J'en viens à nos propositions en matière de droit à l'autonomie. Certaines d'entre elles reprennent celles que viens d'avancer le président de l'UNIOPSS. De fait, nous avons travaillé ensemble, dans le cadre du GR 31, sur la politique de prévention, qu'il s'agisse de la prévention des accidents de la vie courante ou encore du dépistage de la maladie d'Alzheimer.
Nous devons faire en sorte que tous les professionnels, aussi bien du monde de la santé que du monde médicosocial, travaillent en concertation sur le processus d'accompagnement de la personne âgée tout au long de son parcours de vie, du domicile à l'établissement.

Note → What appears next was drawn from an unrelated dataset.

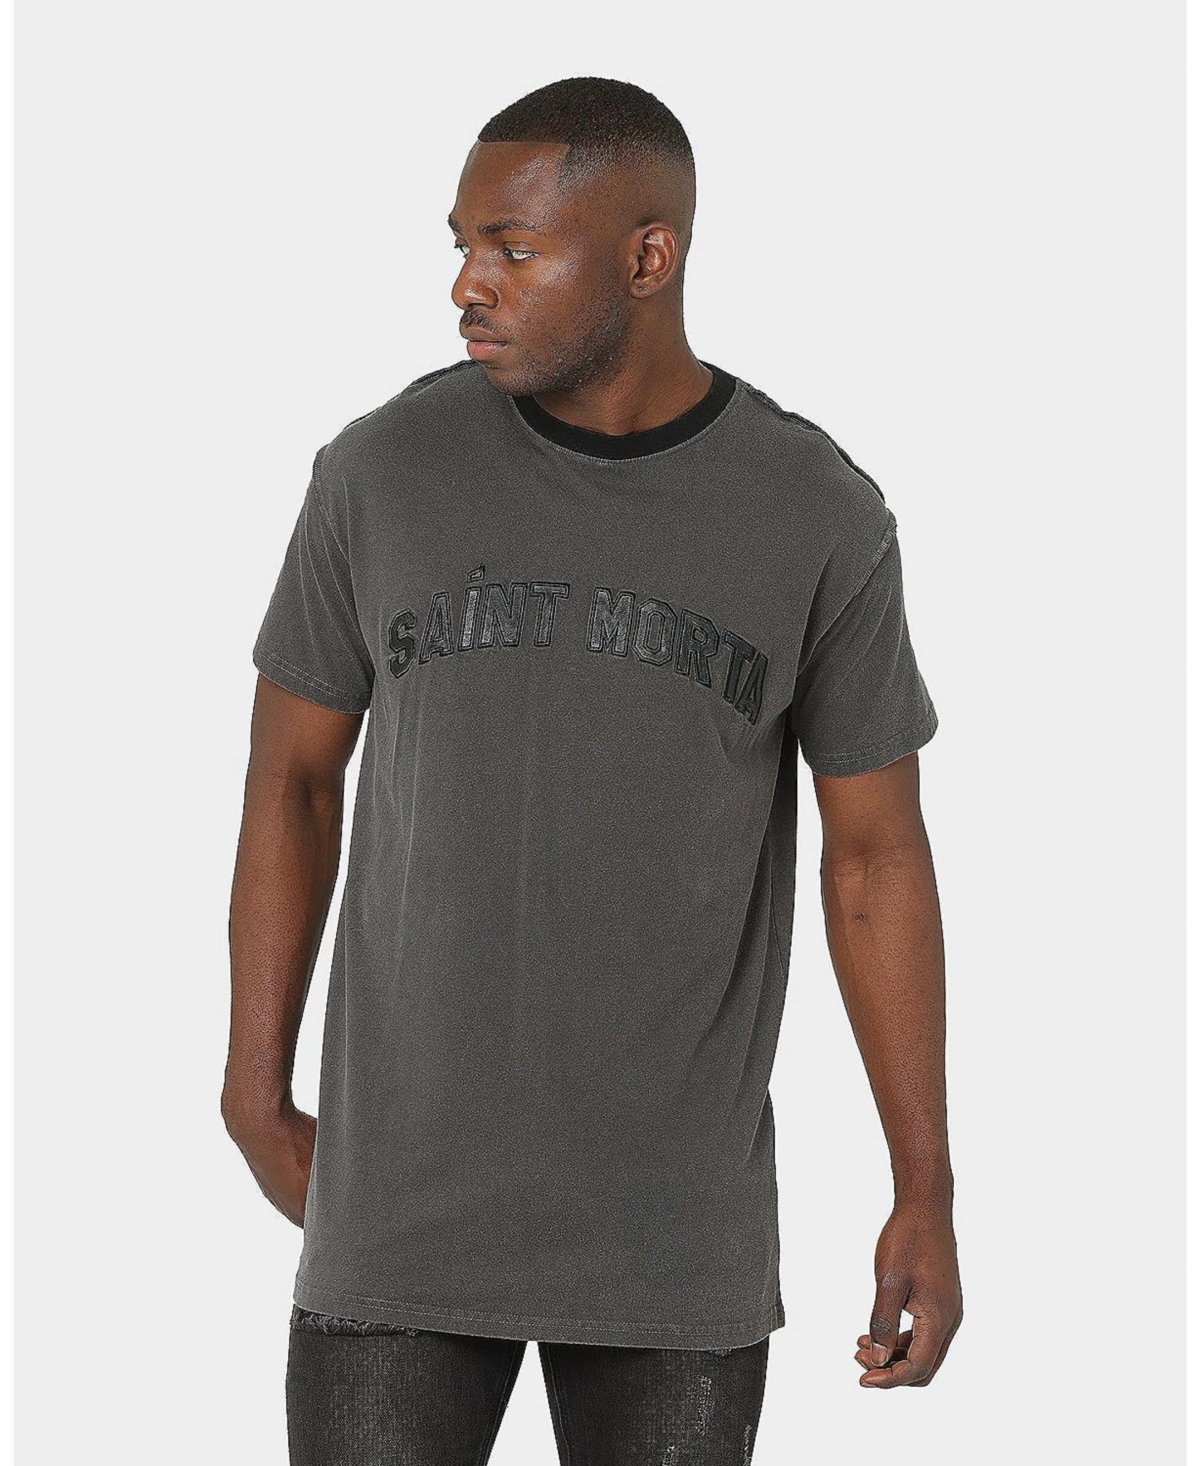 Men's Kingdom Lafayette T-Shirt - Stone/black

Nous souhaitons défendre le droit universel à l'aide à l'autonomie, le libre choix de la personne, le soutien aux aidants et le financement de cette prestation, tout en proposant aux intéressés une réponse individualisée, susceptible de compenser la perte de leur autonomie dans tous les actes de la vie quotidienne.
L'UNCCAS considère que ce droit à l'autonomie doit reposer sur la solidarité nationale. Selon nous, il faut réfléchir au moyen de financer tout de suite la dépendance qui touche déjà de très nombreuses personnes. Toutefois, il faut aussi réfléchir, à long terme, à la construction d'un cinquième risque, financé de manière pérenne par une cotisation assise sur les revenus – qu'elles proviennent du travail ou du capital – et étalée dans le temps sur un nombre d'années suffisant pour permettre une réelle garantie, comme on l'a fait pour l'assurance maladie. Pour ceux qui n'auraient pas été en capacité de travailler ou qui auraient eu des parcours chaotiques, une « CMU dépendance » devrait être mise en place. Le pic de croissance du nombre des personnes âgées dépendantes étant attendu dans les années 2030, nous devons y réfléchir dès maintenant.

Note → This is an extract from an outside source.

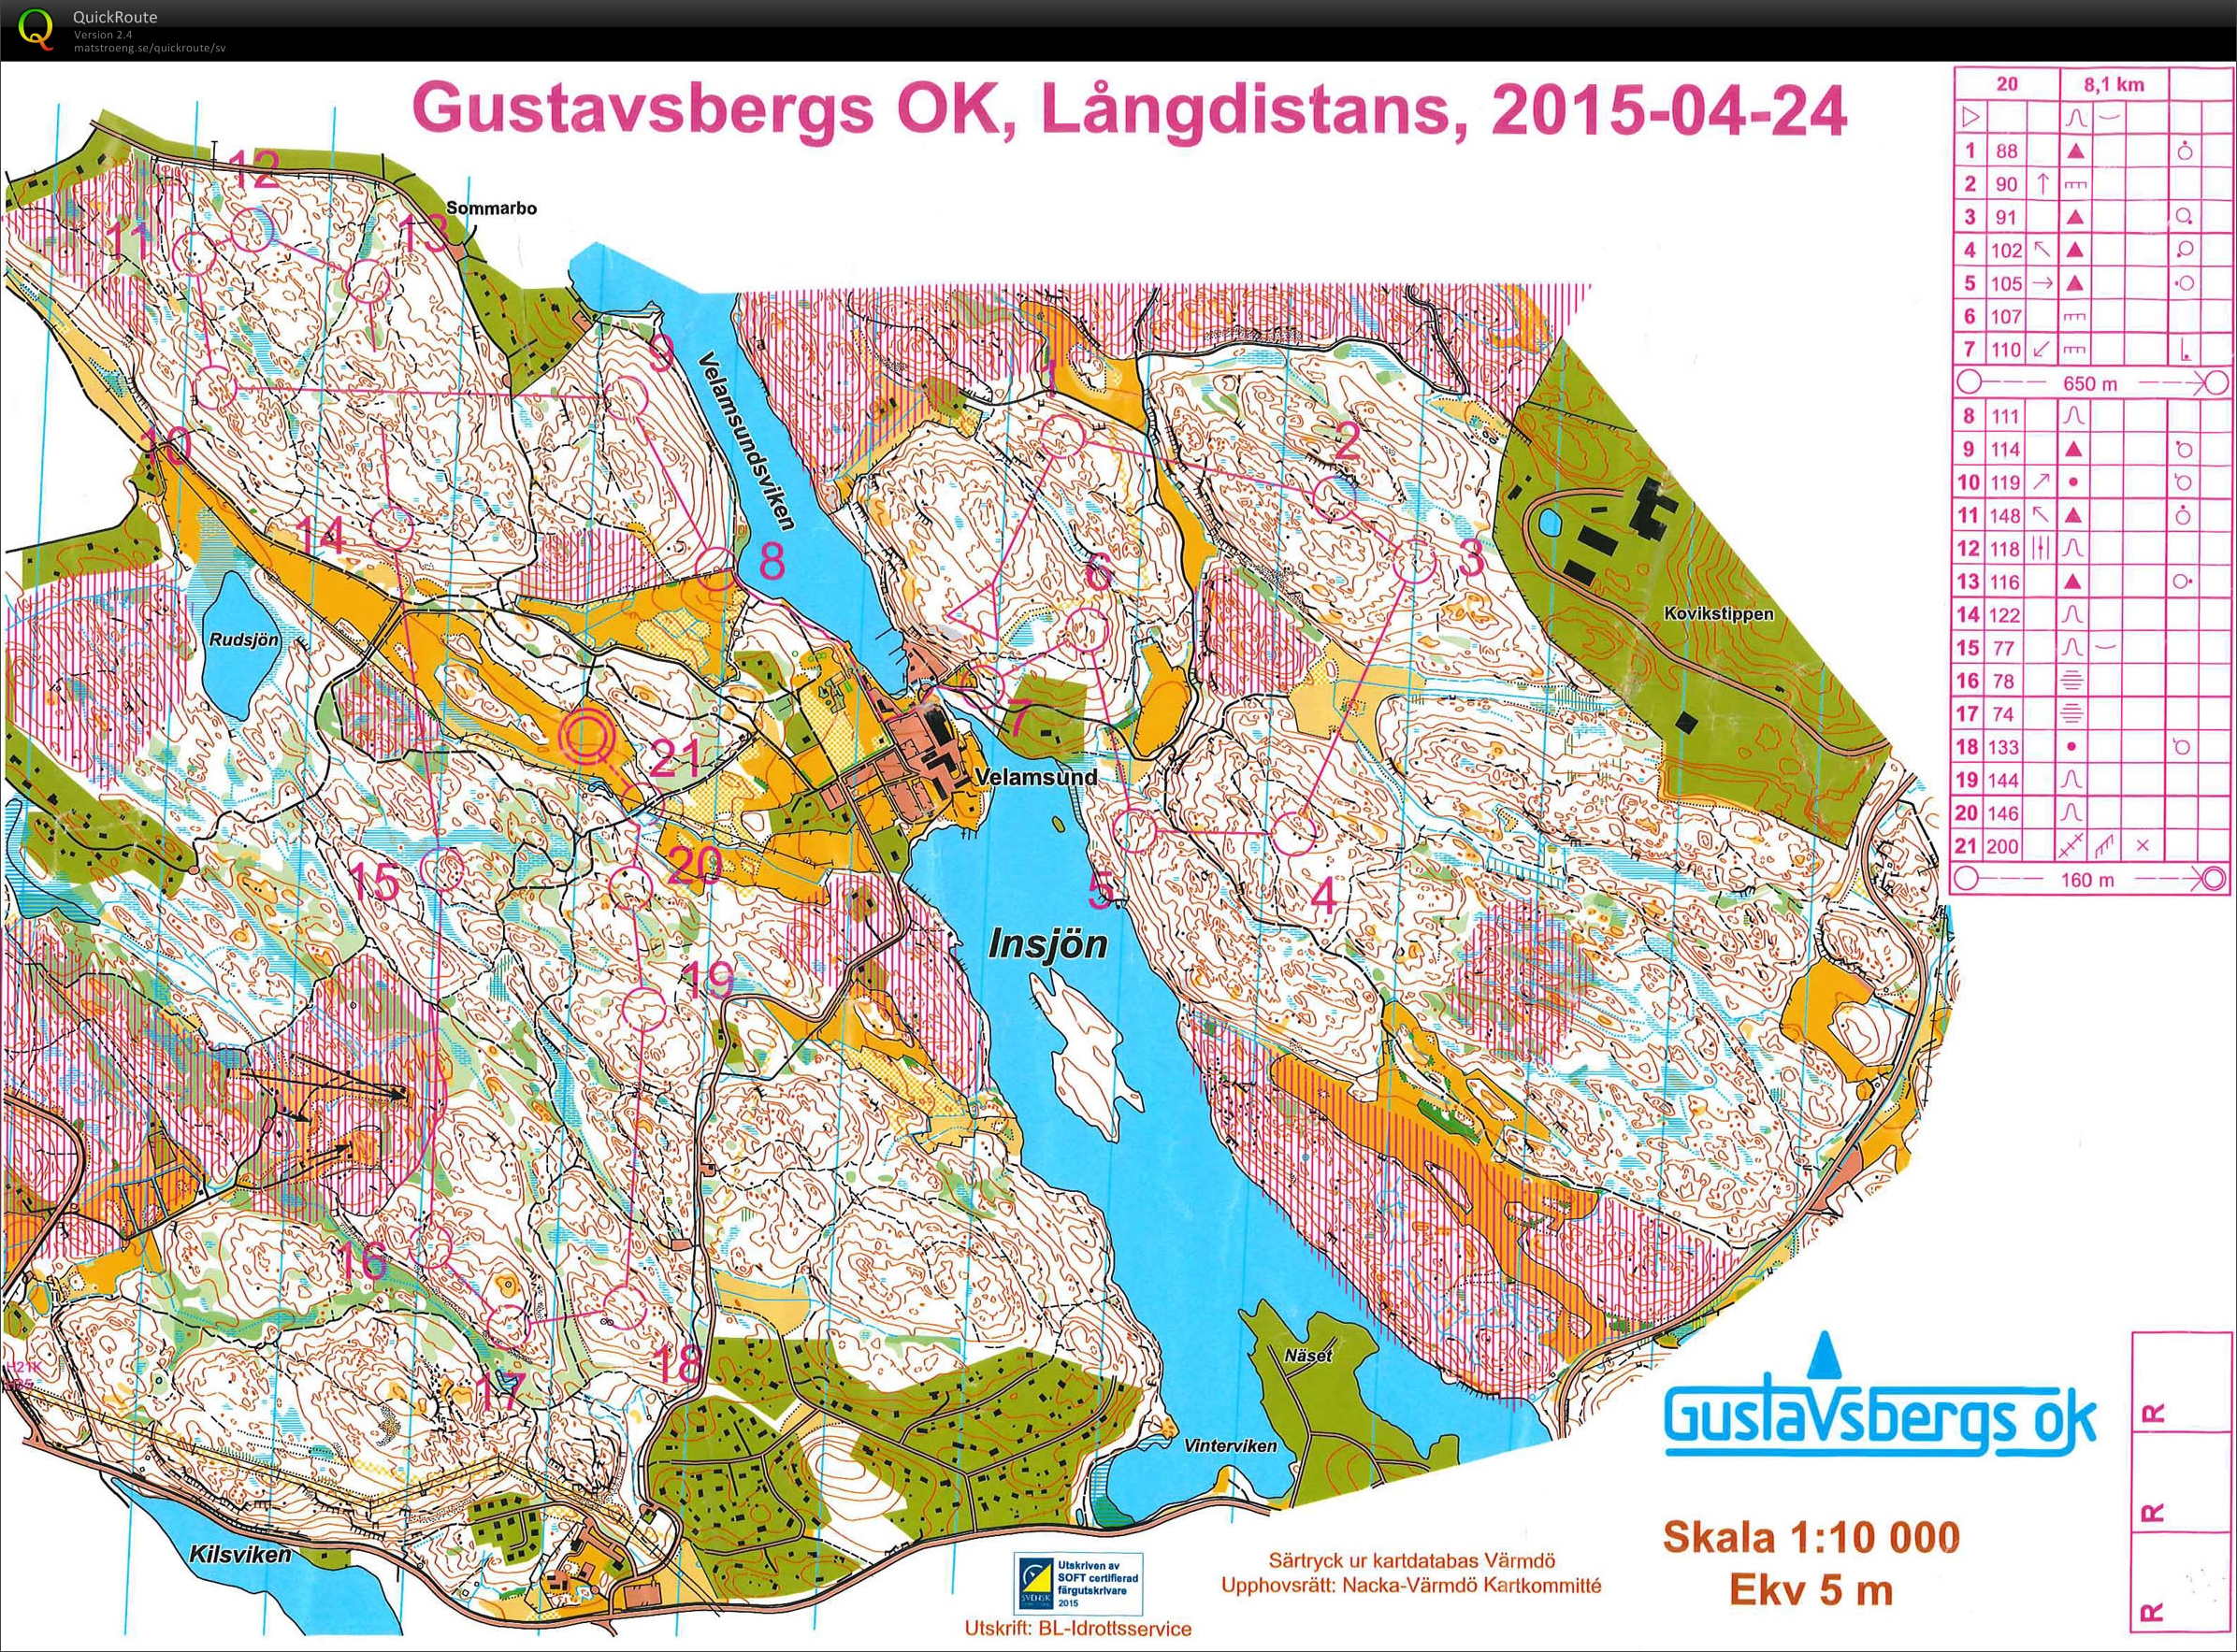 Gustavsbergs OK långdistans (25.04.2015)

Pour faire face rapidement à la grande dépendance actuelle, nous ne sommes pas forcément hostiles à un éventuel recours partiel à l'assurance, à condition que soit préalablement mis en place un panier global de services dont pourrait bénéficier l'ensemble de la population et qui serait financé par la solidarité nationale.

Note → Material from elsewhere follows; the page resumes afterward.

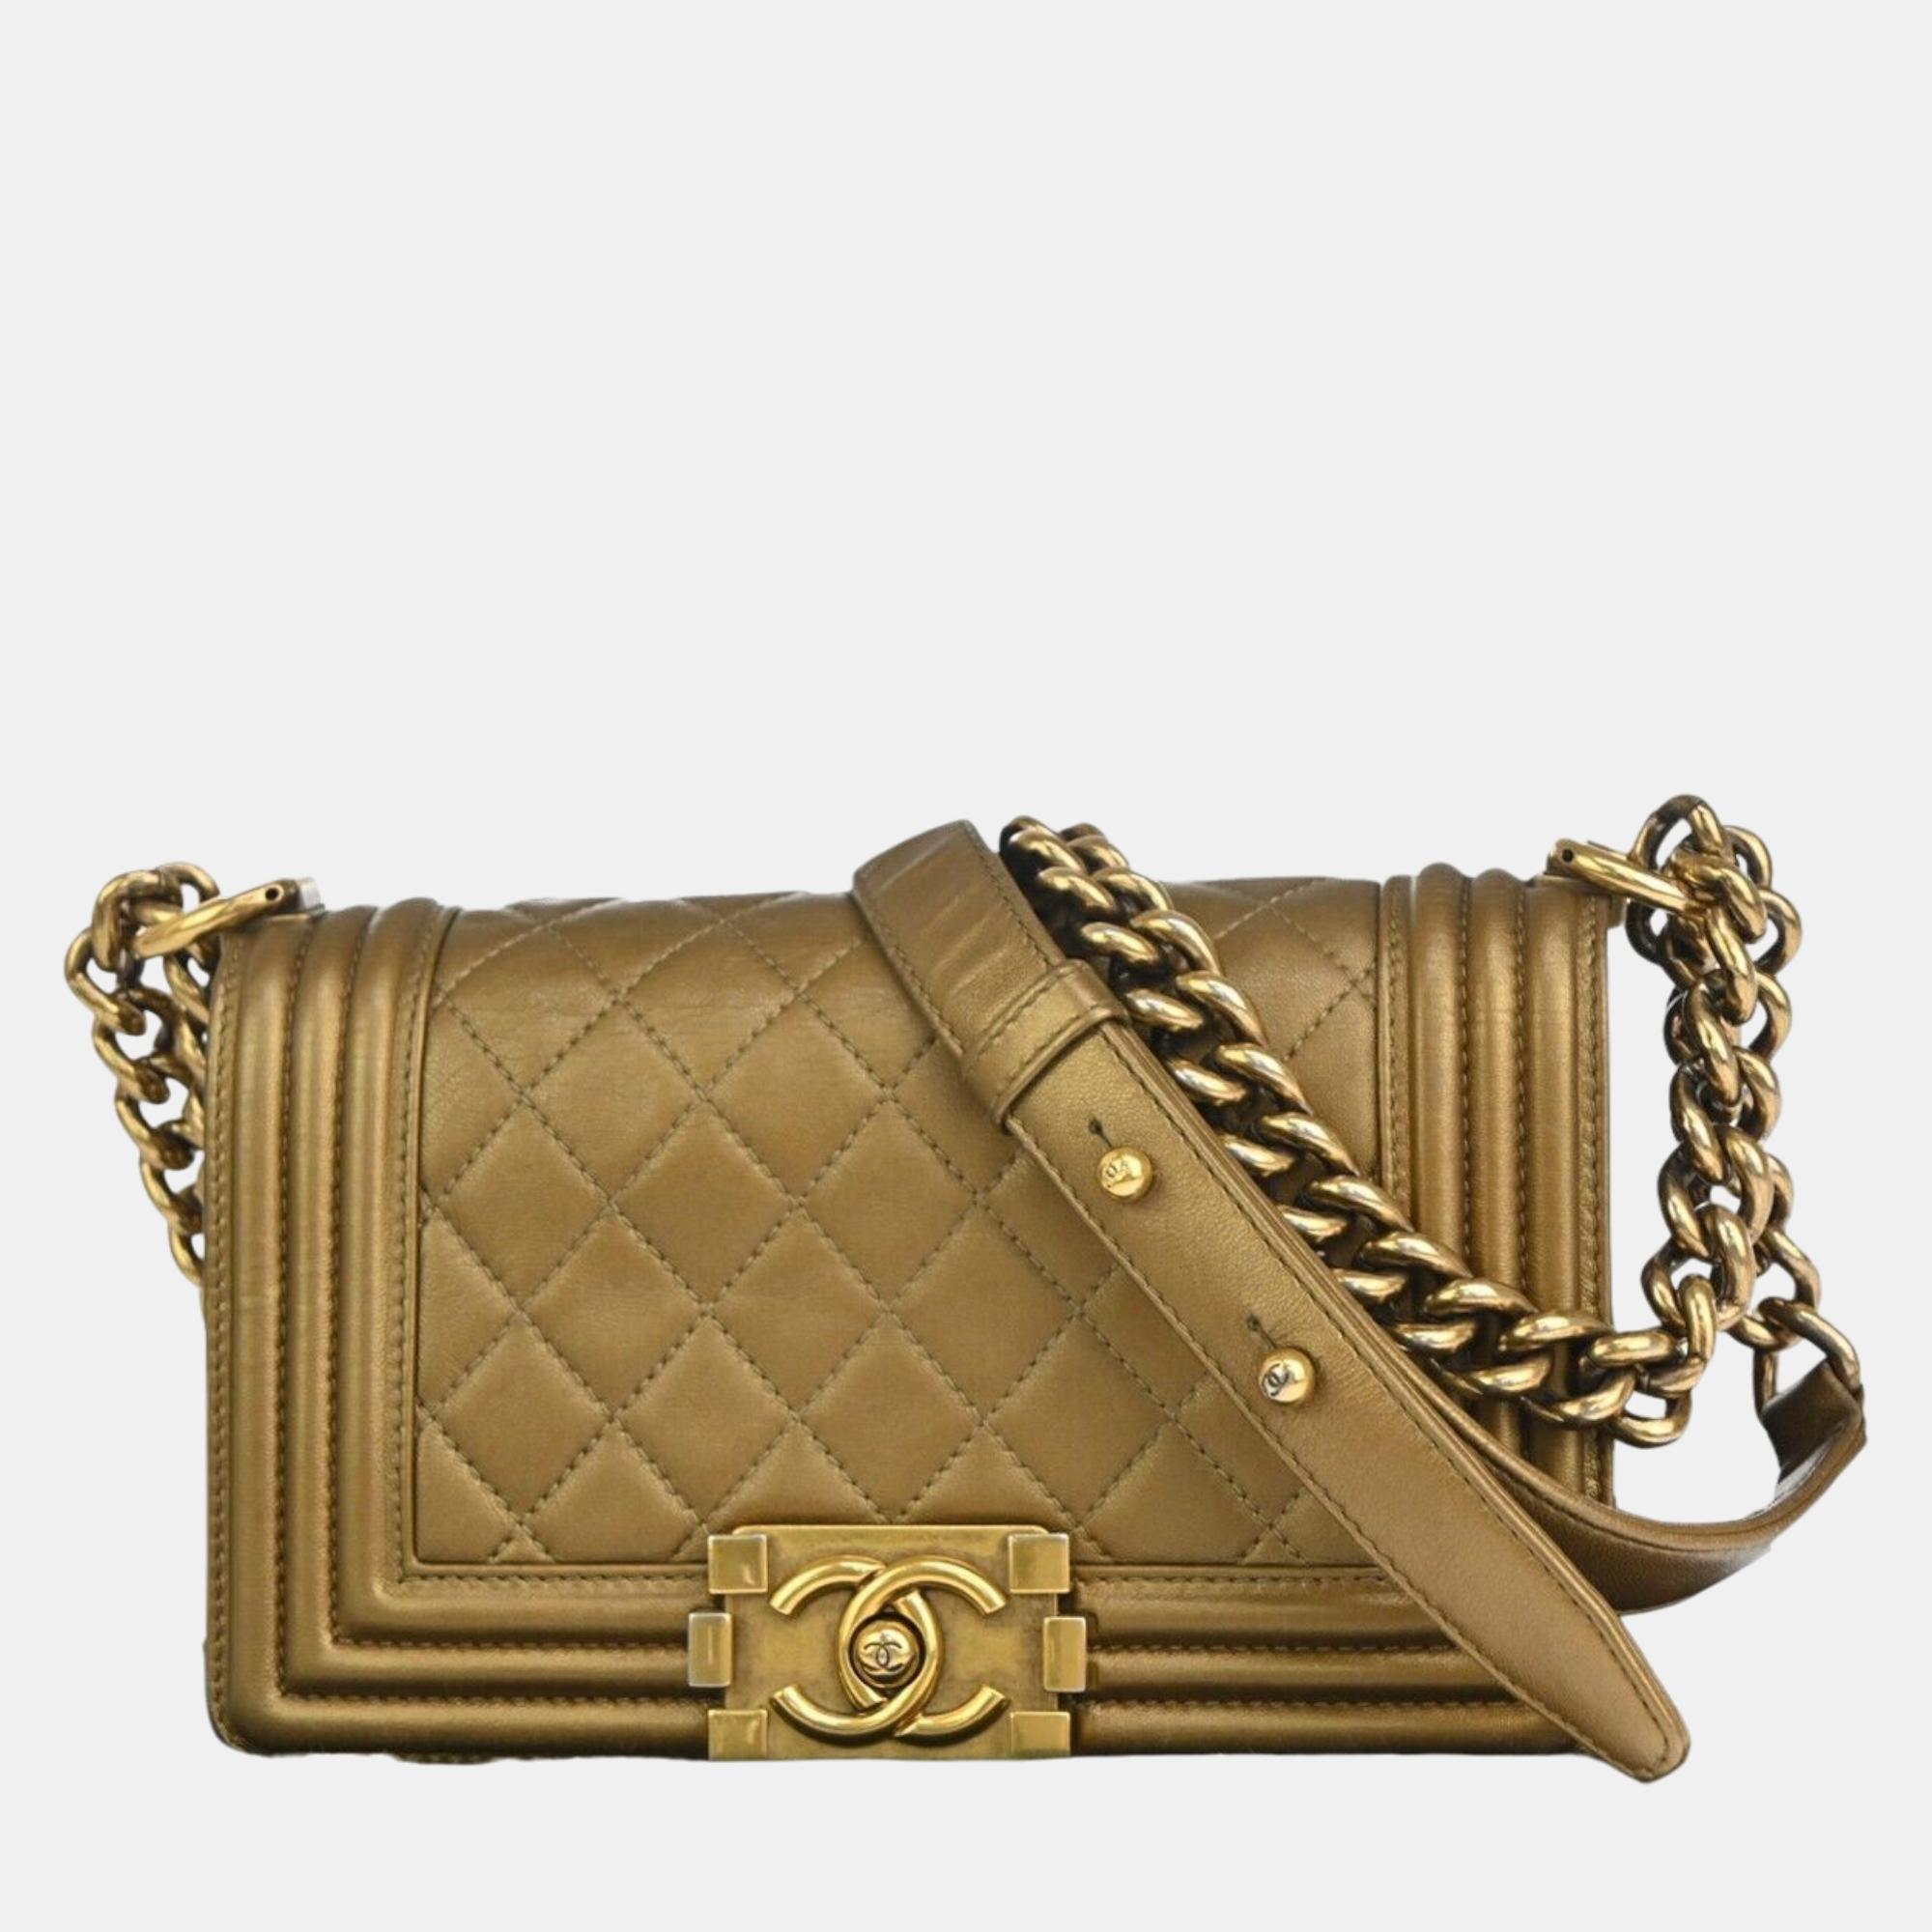 Chanel gold leather small boy shoulder bag

Comment financer ce panier de services ? Plusieurs pistes ont déjà été évoquées, telles que la mobilisation d'une seconde journée de solidarité, la majoration du taux de CSG, le relèvement des droits de succession, la suppression du bouclier fiscal, l'institution d'une taxe sur le revenu du capital ou la mise en place d'une TVA sociale. Nous aborderons le sujet au sein de notre conseil d'administration, mais je peux d'ores et déjà vous indiquer que nous ne saurions cautionner des propositions de financement reposant sur le recours sur succession ou sur le viager. De telles solutions risquent, en effet, d'avoir un effet dissuasif et d'aboutir à une prise en charge à deux vitesses, ce qui serait inacceptable. Souvenez-vous de ce qui s'était passé avec la prestation spécifique dépendance (PSD) : la moitié des personnes dépendantes, qui en avaient pourtant besoin et remplissaient le conditions pour l'obtenir, ne l'avait pas demandée.
En dernier lieu, nous sommes très favorables à ce que la CNSA se voit confier un rôle pivot dans la gouvernance du dossier de la dépendance. Les agences régionales de santé pourraient assurer le financement des établissements et services sociaux et médicosociaux. Et sur le plan local, une caisse d'assurance « autonomie » permettrait un accès aux droits, s'agissant des prestations que nous souhaiterions mettre en place à long terme.